En conservant la base légale des 35 heures, les heures complémentaires
sont payées à un tarif plus élevé, habituellement 25% de plus, ce qui
représente un surcoût pour l’entreprise, qui verra sa compétitivité entamée
si elle désire faire travailler plus ses salariés. Il est vrai que depuis la loi FILLON il existe un
régime dérogatoire pour les PME de moins de 20 salariés : pour ces PME
la majoration des heures complémentaires sera de 10% seulement. C’est
mieux que 25% mais moins bien que zéro%. Mais ce régime dérogatoire n’était
valable que trois ans et il va être prorogé de trois ans à nouveau :
il ira donc jusqu’au 31 décembre 2008. Au-delà, les PME retomberont dans
le droit commun, avec 25% de majoration. Pourquoi maintenir cette épée
de Damoclès sur les PME ? Il est également vrai qu’en cas d’accord
de branche ou d’entreprise il sera désormais possible de déroger au contingent
maximum d’heures complémentaires. C’est ce que le premier ministre appelle
« l’accord pour le temps choisi ». Cet accord, pourrait permettre
de travailler plus de 220 heures supplémentaires par an, donc plus de
40 heures par semaine, (et cela dans la limite du plafond légal soit 44
heures par semaine sur douze semaines). Mais il est soumis à un double
verrou : l’accord du salarié lui-même, ce qui est bien normal, et
un accord de branche ou d’entreprise, conclu et négocié suivant les règles
de « l’accord majoritaire » instaurées par la loi FILLON. La « ligne de la France » ou le verrou cégétiste ? Voilà précisément la deuxième menace du système. Car
sous les apparences d’un certain retour à la liberté contractuelle (qui
plaît au MEDEF), les intérêts syndicaux, et singulièrement ceux de la
CGT, sont sauvegardés.
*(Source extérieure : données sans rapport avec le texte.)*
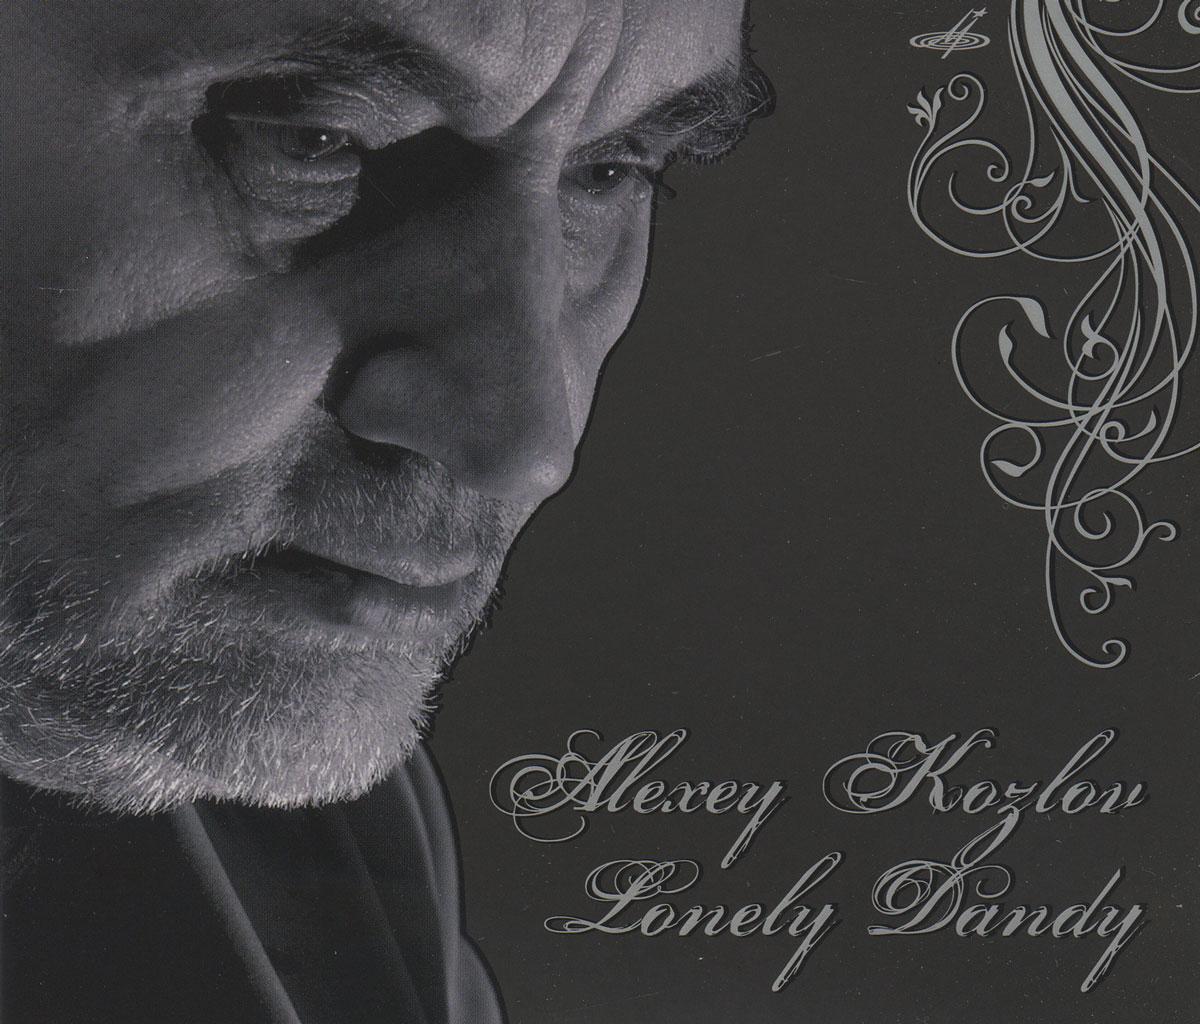 Алексей Козлов Alexey Kozlov. Lonely Dandy алексей козлов и группа арсенал 2019 08 31t20 30

Suivant sa méthode habituelle, après avoir « osé »,
le Premier Ministre a tenu à « rassurer », c’est à dire à tempérer
fortement ce qui aurait pu être une vraie réforme. Il a profité du week-end
dernier pour parler de la « ligne de la France », qui ne doit
pas être confondue, dit-il, ni avec la ligne du MEDEF ni avec celle des
syndicats. Pour lui, la ligne de la France c’est le dialogue social, et
on sait bien ce que cela signifie dans le contexte syndical français.
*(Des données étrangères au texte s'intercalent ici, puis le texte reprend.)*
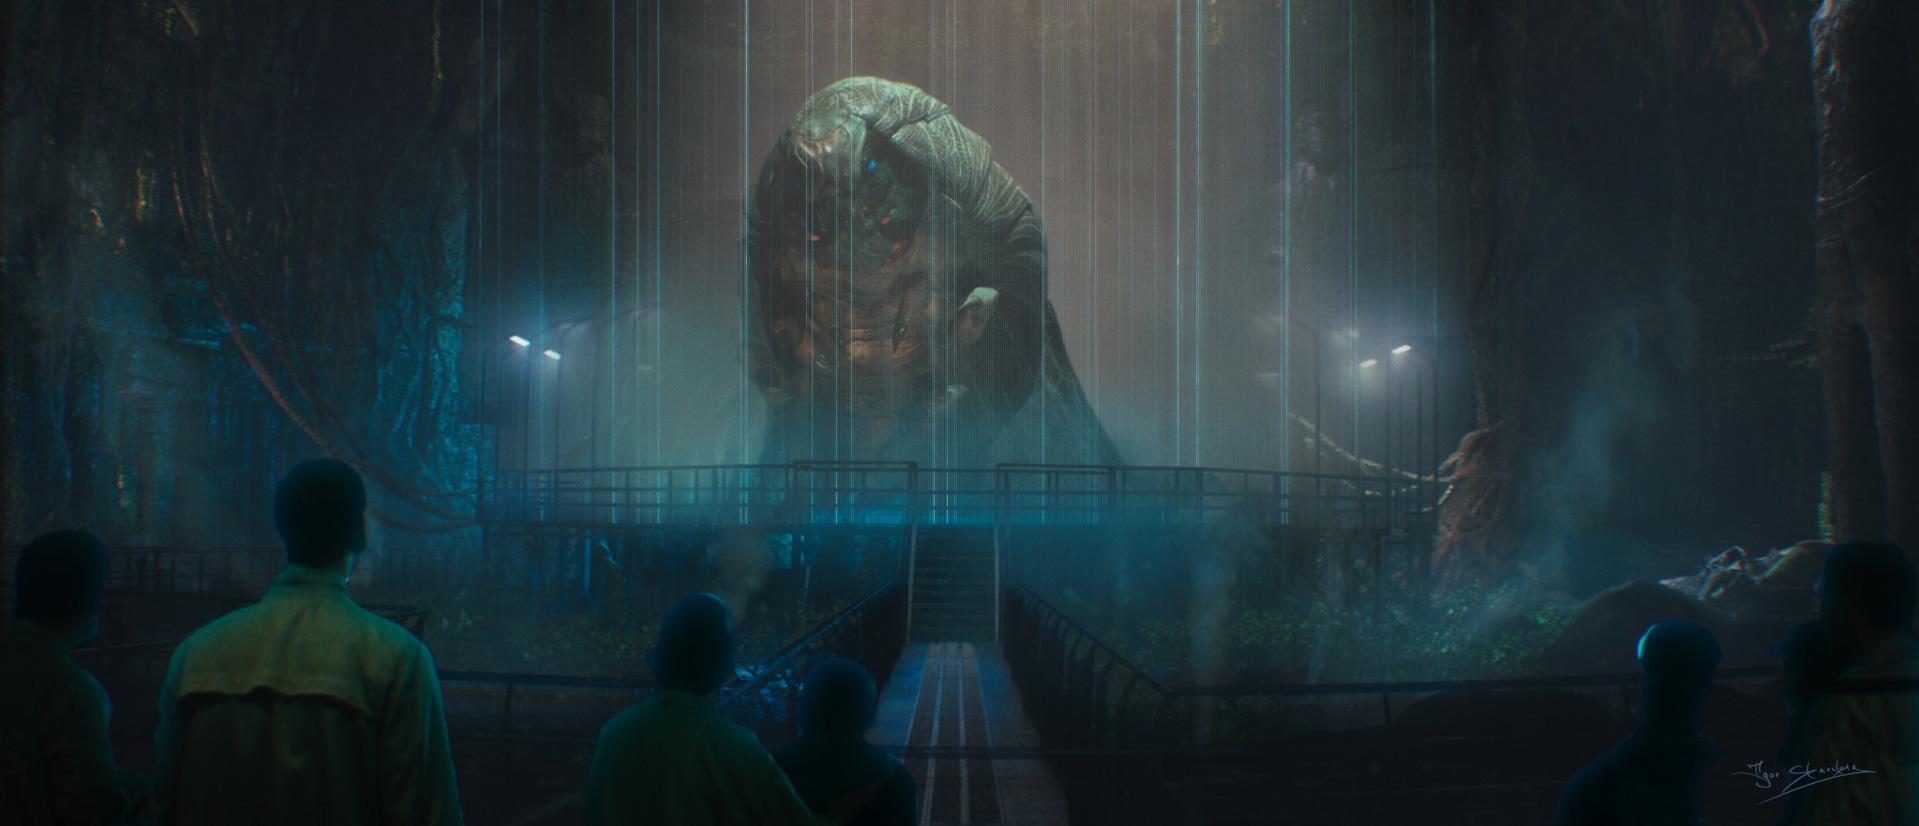 21.Godzilla8-ConceptArt.jpg

Depuis la loi FILLON « l’accord majoritaire » (signature obligatoire
du syndicat le plus représenté dans l’entreprise) signifie en fait l’accord
de la CGT. Ajoutons que l’accord éventuellement passé avec les
syndicats déterminera la rémunération des heures supplémentaires choisies,
mais celle-ci ne pourra être inférieure au taux en vigueur dans l’entreprise
pour les heures non choisies (en général 25%) : un « acquis
social » ne se négocie pas ! Enfin, c’est l’hypothétique accord d’entreprise qui
doit fixer la façon dont le salarié pourra bénéficier de ses heures. Il
aurait le choix entre le paiement des jours de RTT (mis sur un compte
d’épargne temps) à la fin de chaque année (il aura donc un revenu plus
élevé puisqu’il aura travaillé plus), le transfert sur le plan d’épargne
d’entreprise ou le plan retraite collectif, ou encore l’accumulation des
jours pendant des années pour partir en retraite plus tôt. Voilà qui est
bien compliqué, au lieu de dire simplement que le salarié qui veut travailler
plus pourra le faire et être ainsi mieux rémunéré. Au total, le plan RAFFARIN représente
sûrement un petit pas vers un certain assouplissement. Mais il est présenté
aussi comme le dernier pas, et l’on est bien loin de ce qu’exigerait la
liberté du travail. D’une part la réglementation est complexe et coûteuse,
dangereuse pour la compétitivité. D’autre part le principe du « dialogue
social » est toujours le même : préférence est donnée au rôle
des syndicats et à la négociation collective sur le contrat de travail
et la libre volonté des employeurs et des salariés.